我正在尝试按照本指南在 Hetzner Cloud 上设置 HA Kubernetes 集群。我创建了 6 台服务器、3 台控制平面主机和 3 台工作人员。尝试使用 kubeadm 将第二台服务器加入集群时,出现以下错误:
在 k8s-server-1 上:
Jul 06 14:09:01 k8s-server-1 kubelet[8059]: E0706 14:09:01.430599 8059 controller.go:187] failed to update lease, error: rpc error: code = Unknown desc = context deadline exceeded
Jul 06 14:08:54 k8s-server-1 kubelet[8059]: E0706 14:08:54.370142 8059 controller.go:187] failed to update lease, error: rpc error: code = Unknown desc = context deadline exceeded
Jul 06 14:08:51 k8s-server-1 kubelet[8059]: E0706 14:08:51.762075 8059 kubelet_node_status.go:470] "Error updating node status, will retry" err="error getting node \"k8s-server-1\": Get \"https://my.kubernetes.test:6443/api/v1/nodes/k8s-server-1?resourceVersion=0&timeout=10s\": context deadline exceeded"
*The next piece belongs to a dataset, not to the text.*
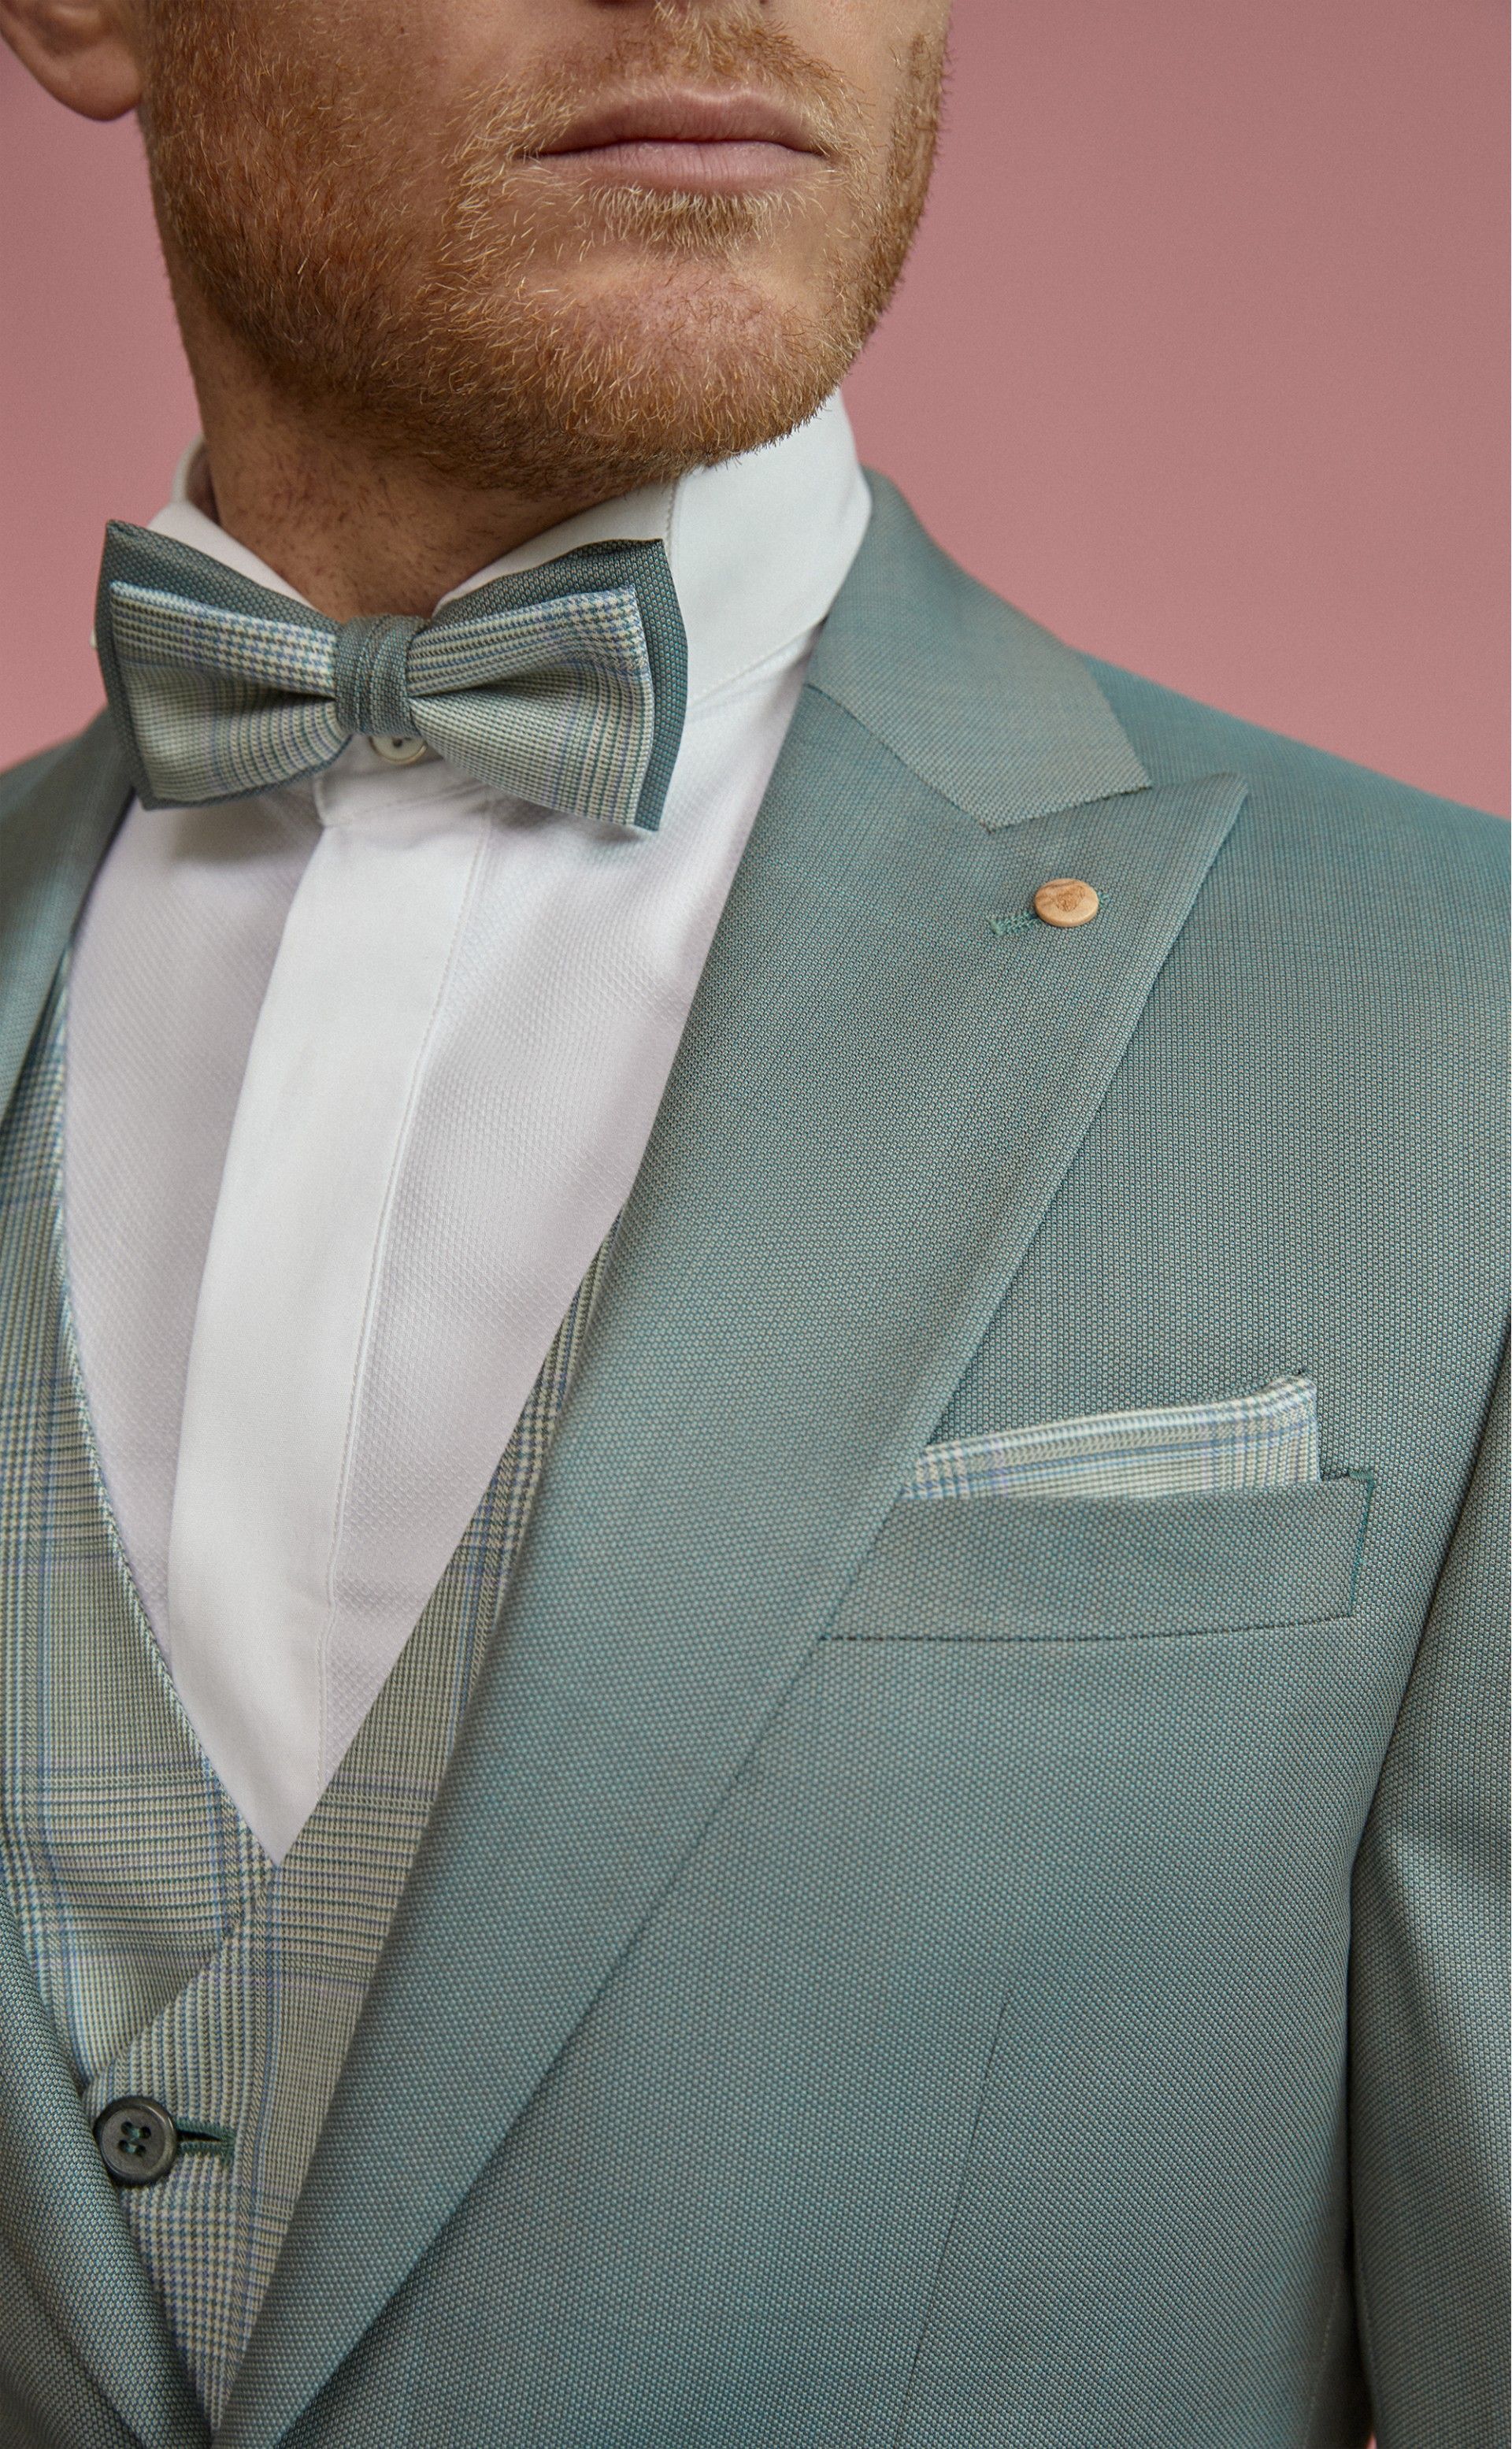 Salbeifarbener Hochzeitsanzug mit Weste und Fliege Blauer Anzug von Roberto Viccenti im Männersach' beim brautgeflüster

Jul 06 14:08:47 k8s-server-1 kubelet[8059]: E0706 14:08:47.325309 8059 event.go:273] Unable to write event: '&v1.Event{TypeMeta:v1.TypeMeta{Kind:"", APIVersion:""}, ObjectMeta:v1.ObjectMeta{Name:"kube-apiserver-k8s-server-1.168f32516b37209a", GenerateName:"", Namespace:"kube-system", SelfLink:"", UID:"", ResourceVersion:"", Generation:0, CreationTimestamp:v1.Time{Time:time.Time{wall:0x0, ext:0, loc:(*time.Location)(nil)}}, DeletionTimestamp:(*v1.Time)(nil), DeletionGracePeriodSeconds:(*int64)(nil), Labels:map[string]string(nil), Annotations:map[string]string(nil), OwnerReferences:[]v1.OwnerReference(nil), Finalizers:[]string(nil), ClusterName:"", ManagedFields:[]v1.ManagedFieldsEntry(nil)}, InvolvedObject:v1.ObjectReference{Kind:"Pod", Namespace:"kube-system", Name:"kube-apiserver-k8s-server-1", UID:"10b8928a4f8e5e0b449a40ab35a3efdc", APIVersion:"v1", ResourceVersion:"", FieldPath:"spec.containers{kube-apiserver}"}, Reason:"Unhealthy", Message:"Readiness probe failed: HTTP probe failed with statuscode: 500", Source:v1.EventSource{Component:"kubelet", Host:"k8s-server-1"}, FirstTimestamp:v1.Time{Time:time.Time{wall:0xc0312fd0ee49429a, ext:115787424848, loc:(*time.Location)(0x74c3600)}}, LastTimestamp:v1.Time{Time:time.Time{wall:0xc0312fd16f1a0a1d, ext:117801107410, loc:(*time.Location)(0x74c3600)}}, Count:2, Type:"Warning", EventTime:v1.MicroTime{Time:time.Time{wall:0x0, ext:0, loc:(*time.Location)(nil)}}, Series:(*v1.EventSeries)(nil), Action:"", Related:(*v1.ObjectReference)(nil), ReportingController:"", ReportingInstance:""}': 'Patch "https://my.kubernetes.test:6443/api/v1/namespaces/kube-system/events/kube-apiserver-k8s-server-1.168f32516b37209a": read tcp 192.168.178.2:60934->192.168.178.8:6443: use of closed network connection'(may retry after sleeping)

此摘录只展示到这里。